A new drug may offer improved treatment options for a type of childhood cancer down the track, a study in animal models has shown.
Research by Australian scientists could pave the way to a new treatment for a currently incurable brain cancer in children called Diffuse Intrinsic Pontine Glioma, or DIPG. Affecting about 20 children in Australia each year, DIPG is a devastating disease with an average survival time of just nine months after diagnosis.
The research in mice models, led by scientists at Children’s Cancer Institute and UNSW and published this week in Cell Reports, offers a new therapeutic approach for the treatment of DIPG by using a new anti-cancer drug.
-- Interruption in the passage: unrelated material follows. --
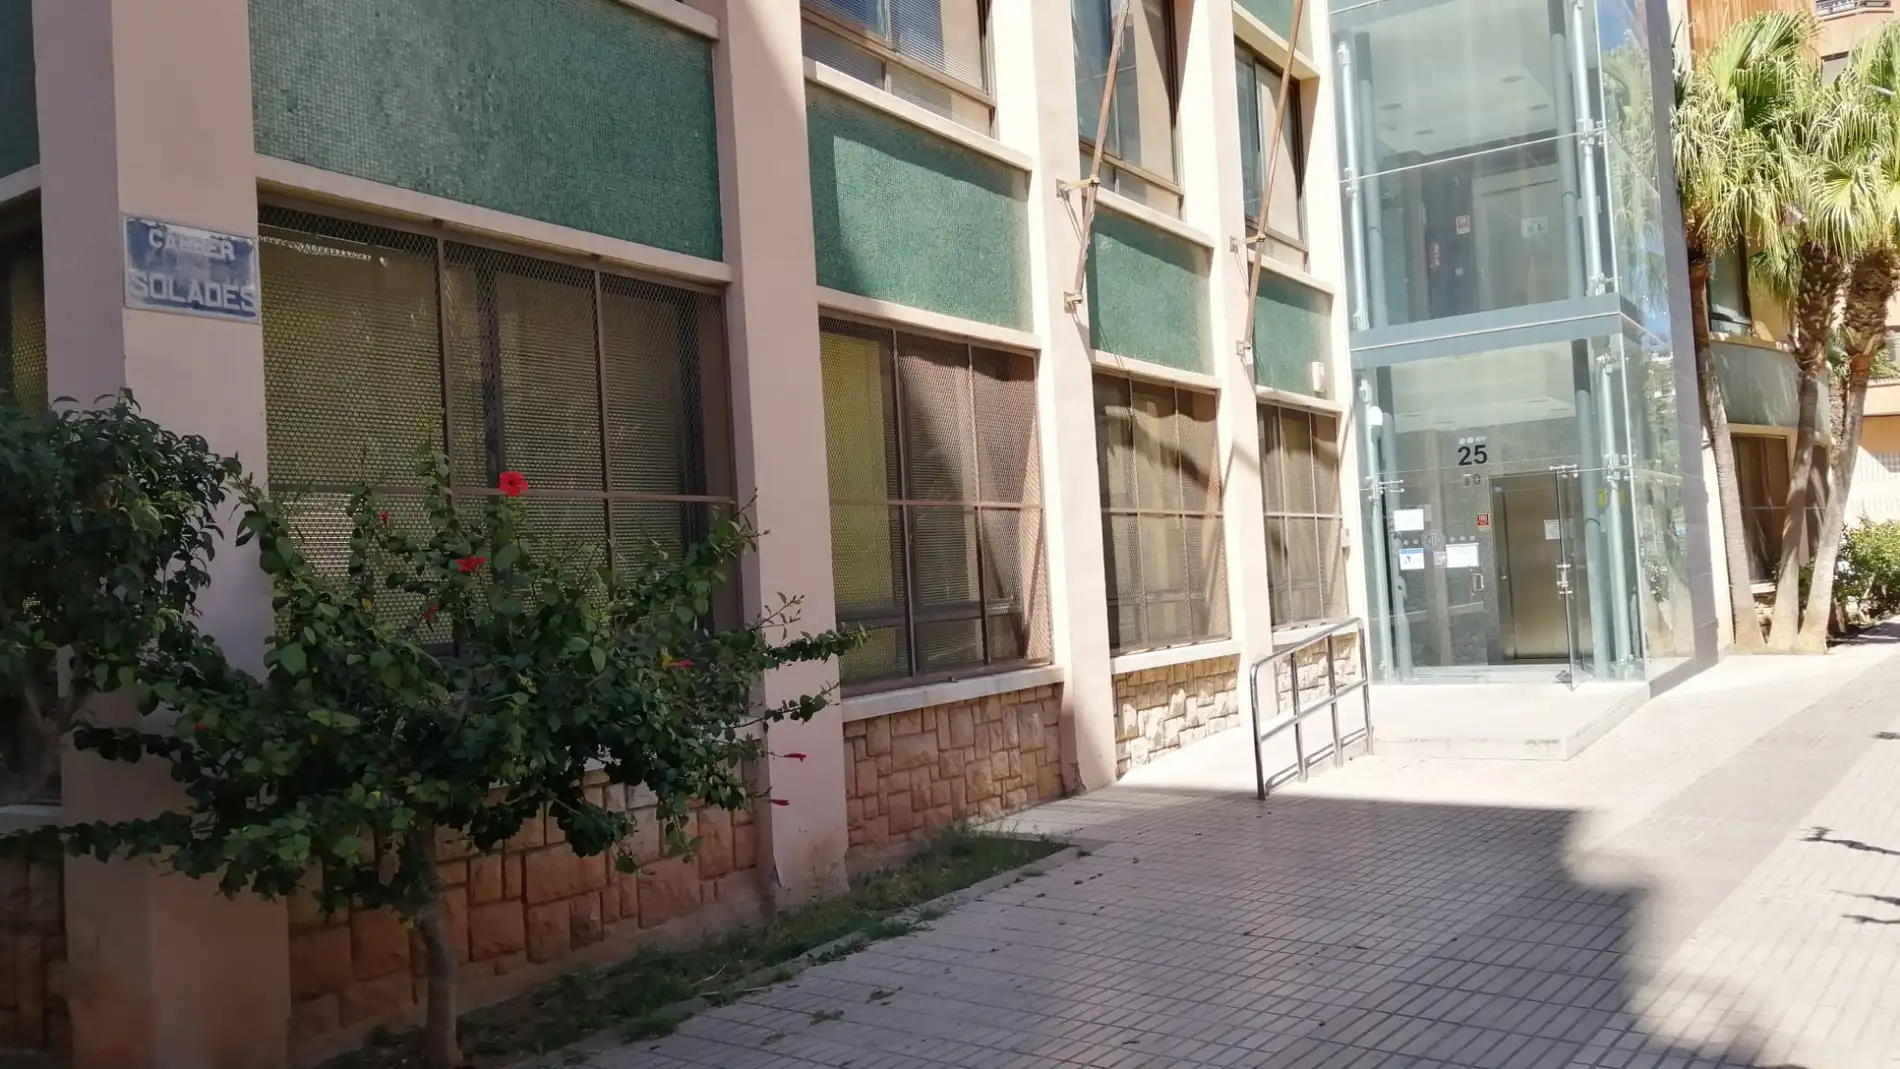 Biblioteca de Solades, donde se ubicará el cuarto Centro de Salud de Vila-real.

The new drug, CBL0137, is an anti-cancer compound developed from the antimalarial drug quinacrine. The researchers found that CBL0137 directly reverses the effects of the key genetic drivers in DIPG in mice, and has a profound effect against DIPG tumour models. They also found CBL0137 is even more effective when combined with a second drug, panobinostat, a new type of drug known as a histone deacetylase (HDAC) inhibitor. When used in combination, the two drugs were found to work synergistically, each enhancing the other’s effects against DIPG.
UNSW Conjoint Associate Professor David Ziegler, Group Leader at Children’s Cancer Institute and paediatric oncologist at the Kids Cancer Centre, Sydney Children’s Hospital, said there was a desperate need for a new and more effective way to treat DIPG.
“Over the years, many different types of treatments have been tried for DIPG, but none so far have proven effective in clinical trials of children with the disease,” he said. “Part of the problem is that the genetic driver in DIPG is a master gene that controls thousands of other genes. Until now, we have not known how to switch it off. Our data shows that CBL0137 acts to reverse the effects of this master gene, and then switch off the growth of the DIPG tumour cells.”
In the newly published study, A/Professor Ziegler and his colleagues at the Children’s Cancer Institute built on earlier research carried out by the Institute, which found that CLB037 was effective against neuroblastoma. Taking a similar approach with DIPG, the group confirmed that CBL0137 interferes with the growth of DIPG tumours by inhibiting an important molecule known as FACT (needed for DNA transcription, replication and repair). They found that FACT binds with the key genetic driver in DIPG – a mutation called K27M. By treating DIPG cells with CBL0137 they were able to target this gene and stop tumour cells from growing. Next, they tested CBL0137 in ‘patient-derived xenografts’ − mice specially bred to grow DIPG cells taken directly from children with the disease − showing it effectively penetrated the blood-brain barrier and increased survival time.
When the researchers added panobinostat to the mix, they found that the CBL0137-panobinostat combination was even more effective at killing DIPG cells and further improved the survival time of mice with DIPG.
"K27M is the Achilles heel of DIPG tumour cells,” said Associate Professor Ziegler. “The finding that CBL0137 indirectly acts against this genetic driver is very exciting, and gives us great hope for this treatment strategy.”
A/Prof Ziegler will lead an international clinical trial of CBL0137 for children with DIPG that will open in the top children’s hospitals in the US and Australia. Plans to launch the trial are boosted by the fact that CBL0137 has recently successfully completed testing in phase I clinical trials in adults with solid tumours.
This work was supported by grants from the National Health and Medical Research Council, Cancer Institute NSW, the DIPG Collaborative, The Cure Starts Now, Kid’s Cancer Project, Cure Brain Cancer Foundation, Levi’s Project and the Benny Wills Brain Tumour Research Fund.